Kazachstania pintolopesii is an ascomycetous yeast and relative of K. bovina, K. heterogenica, K. slooffiae and K. telluris [1]. Collectively, these species constitute the K. telluris complex, a phylogenetically distinct group of thermotolerant yeasts able to grow at 37 °C and above [1, 2]. They are widely distributed [1], but are found predominantly in the gastrointestinal (GI) tracts and nasal passages of birds and mammals [1,2,3]. Rodents are the principal hosts for K. pintolopesii [1, 2, 4] with a recent study extending its host range to include cynomolgus macaques [5]. These fungi are also considered pathobionts causing infections in rodents, primates, and less frequently in humans [2, 6, 7]. K. pintolopesii is in addition to being a gut commensal also associated with fatal infections in laboratory mice [2], and with ankylosing spondylitis in cynomolgus macaques [8]. Draft genomes for three members of the complex have been published [9,10,11], but despite its potential significance as a pathobiont no K. pintolopesii genomes have been published to date.

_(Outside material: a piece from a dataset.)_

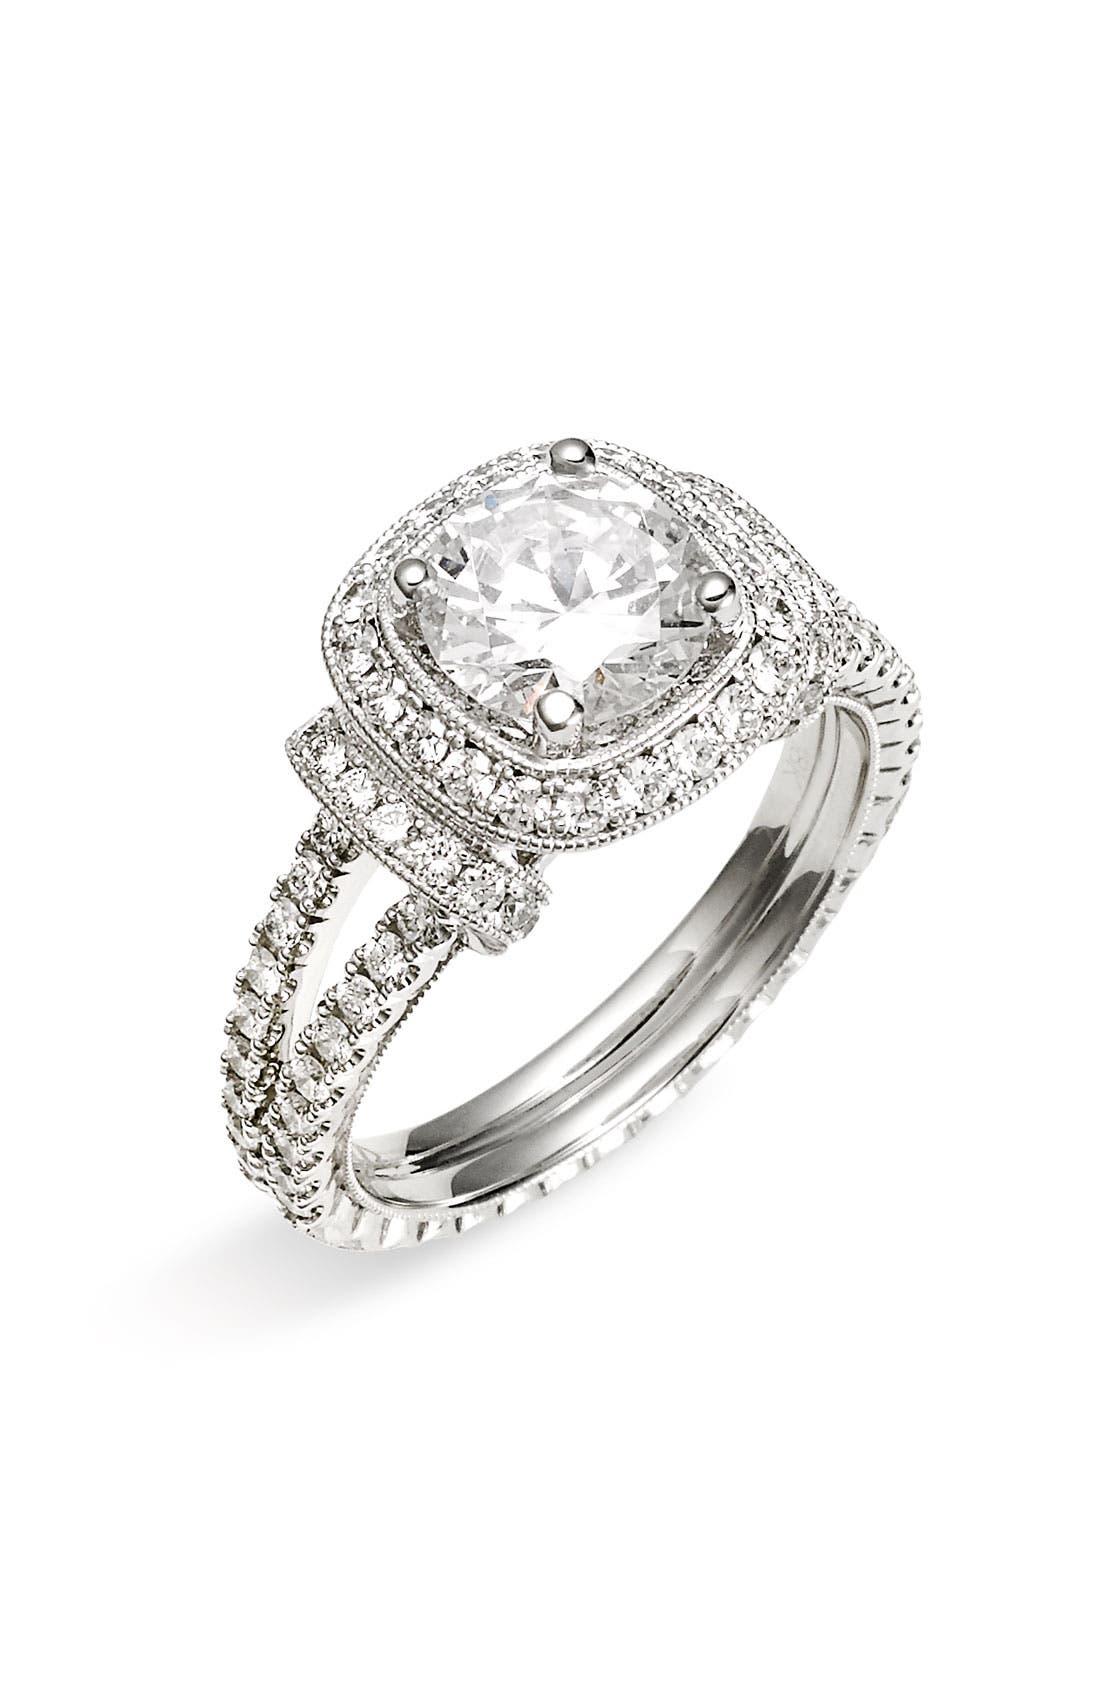 Main Image - Jack Kelége 'Romance' Cushion Set Diamond Engagement Ring Setting

Here, we have combined short- and long-read sequencing to obtain the genome sequence of K. pintolopesii NCYC 4417, a faeces-derived isolate from a captive adult macaque. A faecal homogenate was prepared in sterile phosphate-buffered saline (PBS) and cultured onto Sabouraud dextrose (SD) agar plates containing penicillin (25 U/mL) and streptomycin (25 U/mL) at 37 °C. Species identity, from single colonies, was determined by PCR amplification and Sanger sequencing of the ribosomal DNA internal transcribed spacer 1 (ITS1) region of the ribosomal DNA locus using primers ITS1F [12] and ITS2 [13]. The ITS1 sequence of strain NCYC 4417 (GenBank accession number PRJEB63679) is 99.7% identical to that of the K. pintolopesii type strain CBS 2985 (GenBank accession number NR_155233).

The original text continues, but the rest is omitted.